Comunicazione alla Pretura
del Distretto di Lugano, sezione 1.
Per
la seconda Camera civile del Tribunale d’appello
Il
presidente La
vicecancelliera
Rimedi
giuridici
Nelle
cause a carattere pecuniario con un valore litigioso superiore a fr. 30'000.- è
dato ricorso in materia civile al Tribunale federale, 1000 Losanna 14, entro 30
giorni dalla notificazione del testo integrale della decisione (art. 100 cpv. 1
LTF). In presenza di una decisione pregiudiziale o incidentale, il ricorso è
ammissibile solo se la stessa può causare un pregiudizio irreparabile o se
l’accoglimento del ricorso comporterebbe immediatamente una decisione finale
consentendo di evitare una procedura probatoria defatigante o dispendiosa (art.

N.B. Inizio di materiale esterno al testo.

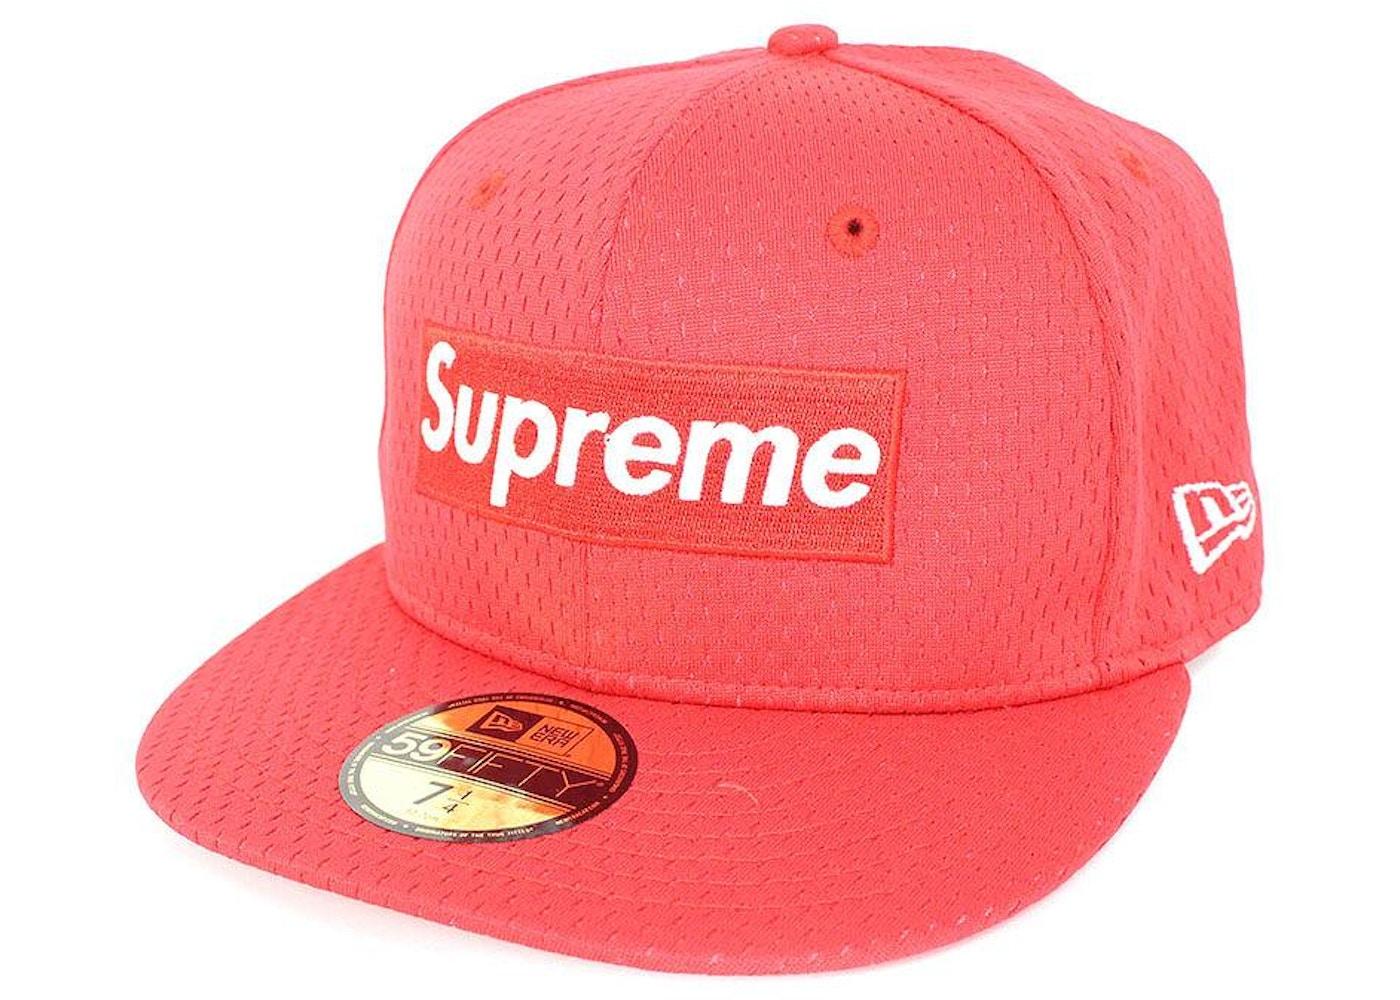 25430d95f95 Buy   Sell Streetwear - Highest Bid

93 LTF). Qualora non sia dato il ricorso in materia civile è possibile proporre
negli stessi termini ricorso sussidiario in materia costituzionale (art. 113,
117 LTF). La parte che intende impugnare una decisione sia con un ricorso
ordinario sia con un ricorso in materia costituzionale deve presentare entrambi
i ricorsi con una sola e medesima istanza (art. 119 LTF).